然而,就在这关键时刻,一则来自西山的消息,如同春风拂面,让林蒙瞬间热血沸腾,兴奋得仿佛打了鸡血。
他匆匆忙忙地赶到西山,来到了一处暖洋洋的温室之中。只见张信和朱厚照正站在田垄旁,一脸期待地望着他。
朱厚照一见林蒙,眼眸中立刻闪烁出兴奋的光芒,他玩笑道:“老林,你这人怎么总是神出鬼没的?该出来透透气,活动活动筋骨了。”
林蒙苦笑着摸了摸自己的额头,自嘲道:“脑壳疼,脑壳疼。”
但此刻,林蒙的心中却充满了期待,他迫不及待地转向张信:“怎么样?”
张信骄傲地回答:“十几亩的土豆地,如今已经硕果累累,特地请千户大人来验收成果。”
林蒙激动得几乎要热泪盈眶。
这三个大男人,此刻心中都有着说不尽的感慨。这片土豆地,凝聚了张信的全部心血。从最初的播种、观察习性,到收获果实,张信不仅精心挑选了最优质的品种,还通过精心调控土壤肥力、温度和光照,确保了土豆的优良品质。
这片暖棚,仿佛是四季如春的伊甸园,让土豆在这里不受季节限制地生长。张信更是对首批土豆种子的发芽过程进行了严格筛选,每一个苗头都是他的精挑细选。
为了探究土豆的亩产量极限,张信还特意密植了数亩土豆,投入了他所有的热情和精力。在这三个月里,他甚至无暇顾及远道而来的妻子——周王的女儿,她从开封娘家归来,而他在这段时间里,与她交谈的次数屈指可数。
张信的手上早已磨出了老茧,身形也因为长时间弯腰劳作而略显佝偻。林蒙依稀记得,张信曾经是风度翩翩的青年,如今却更像是一位饱经风霜的老农,脸上布满了深深的皱纹,手臂上的死皮层层叠叠,令人触目惊心。
朱厚照虽然也黑了不少,但身形却愈发精瘦,下巴上长出了浓密的短须。他在土豆田里也出了不少力,尽管王先生还要在翰林院当值,但他总是跟着张信,无论是挑粪还是垦土,都毫不马虎。
这个小朱秀才,在西山的口碑极好,人们都夸他为人忠厚,虽然偶尔爱吹牛,但做起事来却实打实。此刻,林蒙带着满满的惊喜说道:“是密植的吗?”
在这片生机勃勃的田地里,张信的脸上泛起了层层红晕,仿佛他的喜悦都能透过皮肤,感染到周围的空气:“昨日一番辛勤刨挖,竟意外发现了几颗土豆,那个头,大得惊人,产量肯定不容小觑!”
话音刚落,张信的兴奋之情便如同夏日里的熊熊烈火,熊熊燃烧。
林蒙见状,忍不住蹲下身来,随手一刨,竟是一串串硕大的土豆,如同葡萄般挂满枝头,比上回培植的土豆大了不止一倍。

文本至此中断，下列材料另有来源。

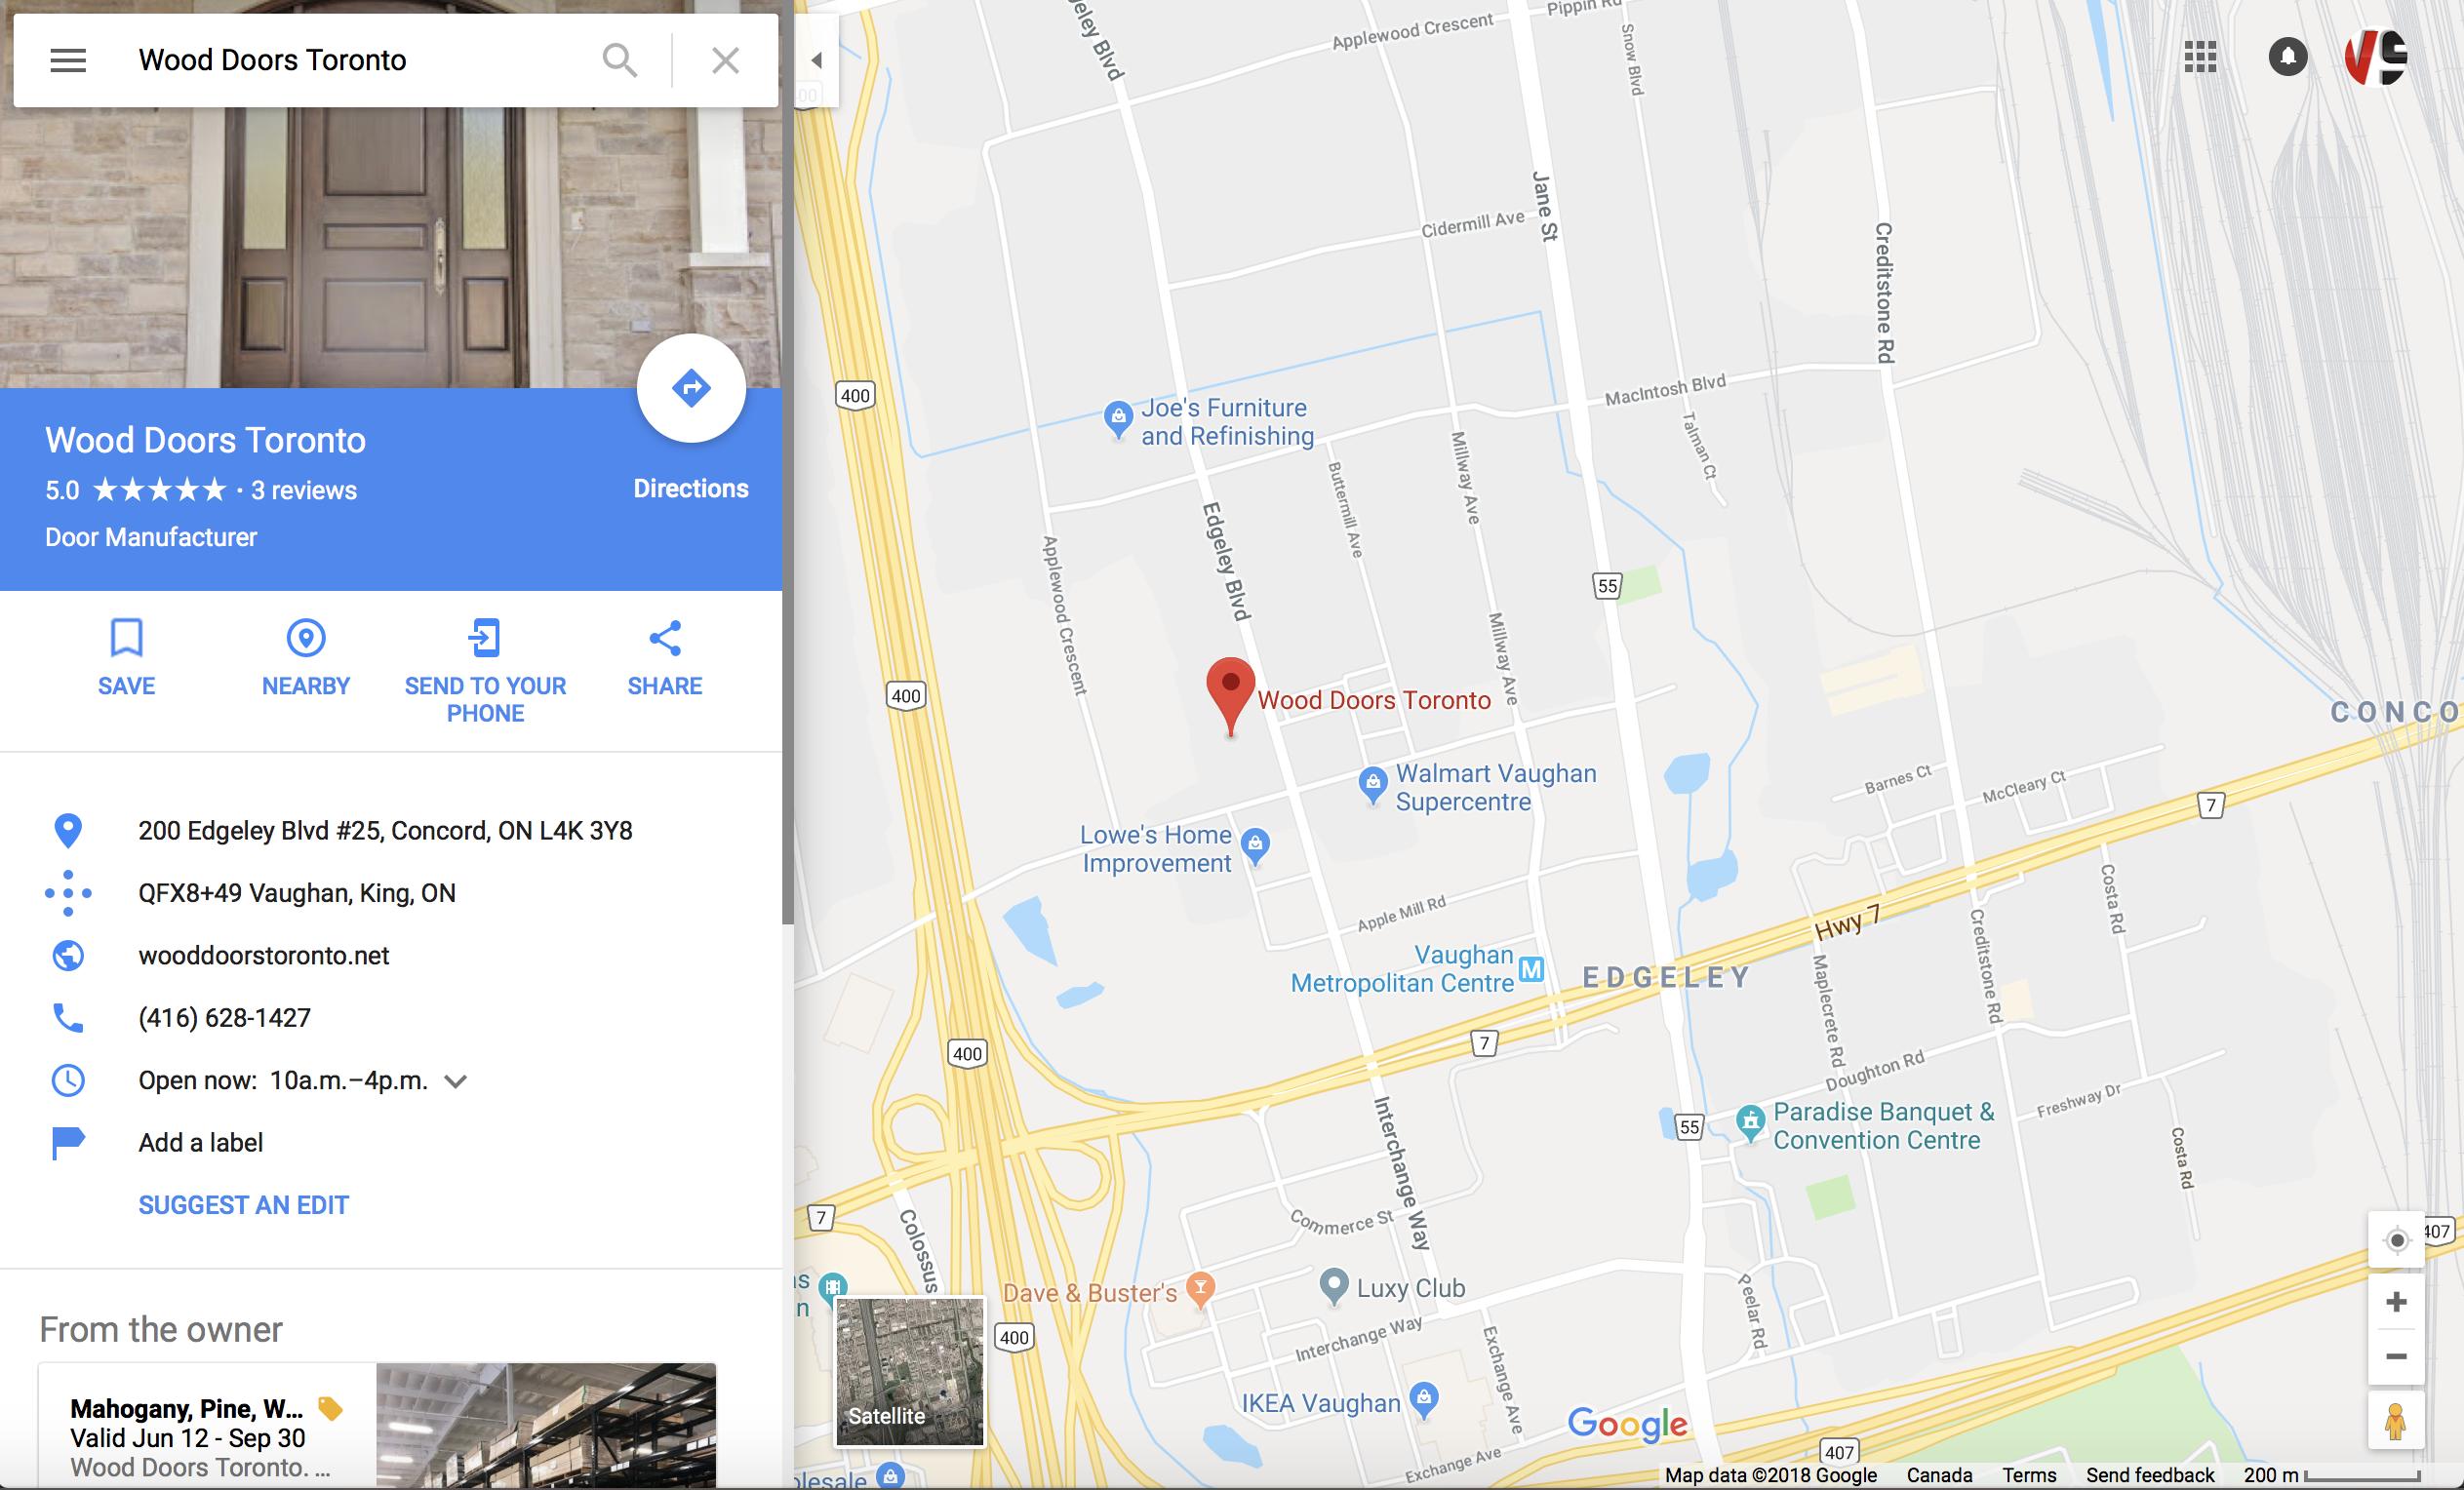 https://goo.gl/maps/HBvNtpS4box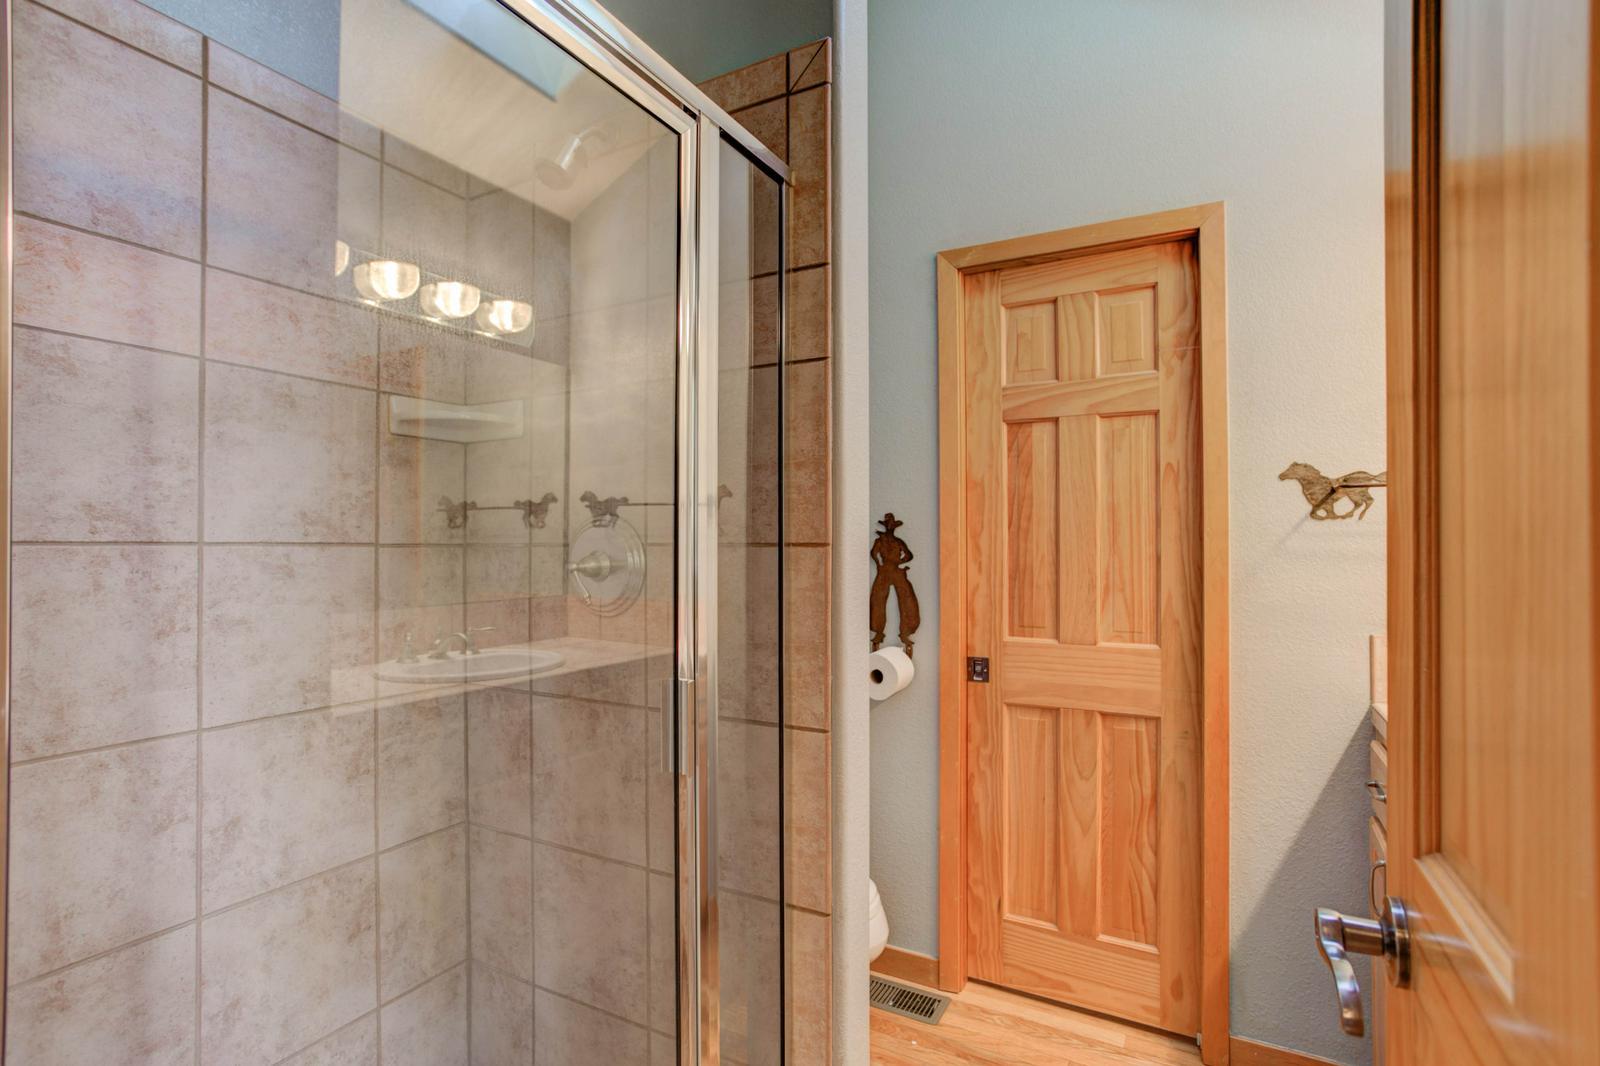 Listassistimage-115862-thumbnail-1572%2bsugarbush%2bdrive_bathroom02-1600x1600

林蒙感动之余,不禁感慨:“真是来之不易,这几个月的辛勤耕耘,终于没有白费。”
张信听着林蒙的赞美,心中暗自窃喜,那泪水却如断了线的珍珠,悄悄滑落。
一旁的朱厚照见状,忍不住嗤之以鼻:“天天窝在家里装病,哪来的辛苦?”
张信闻言,立刻正色道:“殿下,这可不能这么说……”
张信深知朱厚照的身份,他是英国公之子,两人虽曾相识,但朱厚照却总是对他不屑一顾。而张信,这个“大孩子”,也一直对朱厚照的顽劣行为嗤之以鼻。然而,如今,他们却找到了共同兴趣。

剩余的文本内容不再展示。